Case 2. κ = -ν, Case 1 does not hold, but K₁(-ν) and K₂(-ν) are both integers.
Case 3. κ = ν². Neither Case 1 nor Case 2 occurs. (We know K₁(ν²) and K₂(ν²) are both integers.)

Write α/Δ₁ = r₁/r₂ and β/Δ₁ = s₁/s₂, where gcd(r₁/r₂) = 1 = gcd(s₁/s₂), and r₂ > 0, s₂ > 0.

Make a transformation r₂x = X + r₁, s₂y = Y + s₁.

Equation (1) transforms to AX² + BXY + CY² = M, (2)
where A = as₂², B = br₂s₂, C = cr₂² and M = -r₂²s₂²(ae² - bde + cd² + fΔ₁)/Δ₁.

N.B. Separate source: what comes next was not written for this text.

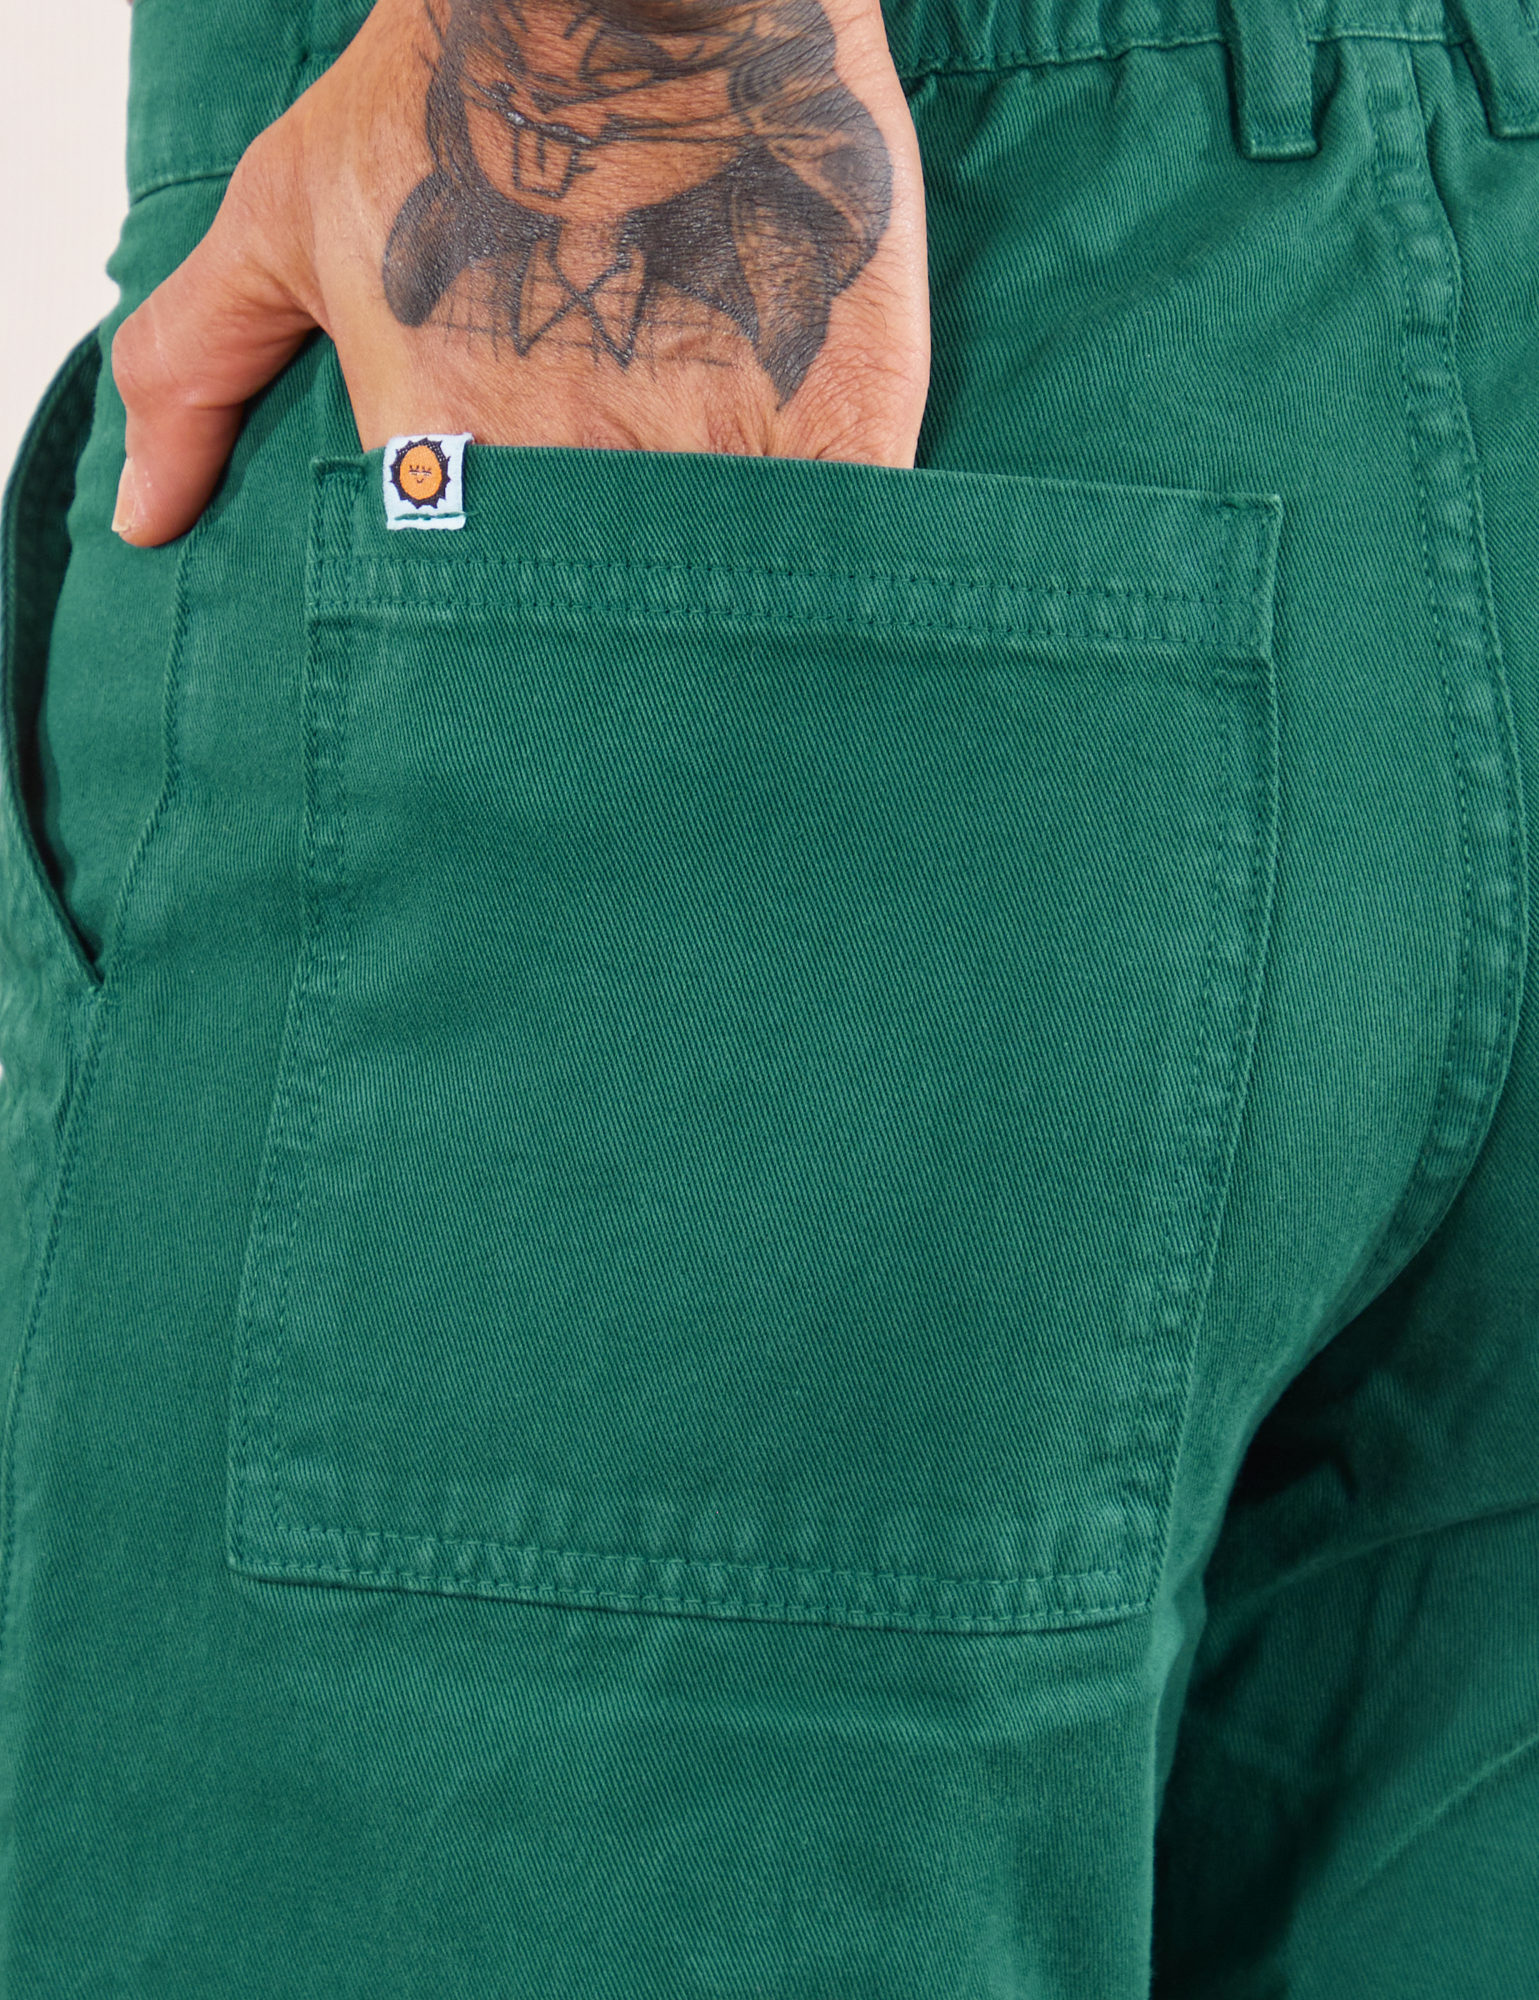 Back pocket close up of Work Pants in Hunter Green. Jesse has their hand in the pocket.

Let gg = gcd(A, B, C). If gg does not divide M, there are not integer solutions of (1).

Otherwise replace (A, B, C, M) by (A/gg, B/gg, C/gg, M/gg).

If equation (2) has no integer solutions, then neither does equation (1).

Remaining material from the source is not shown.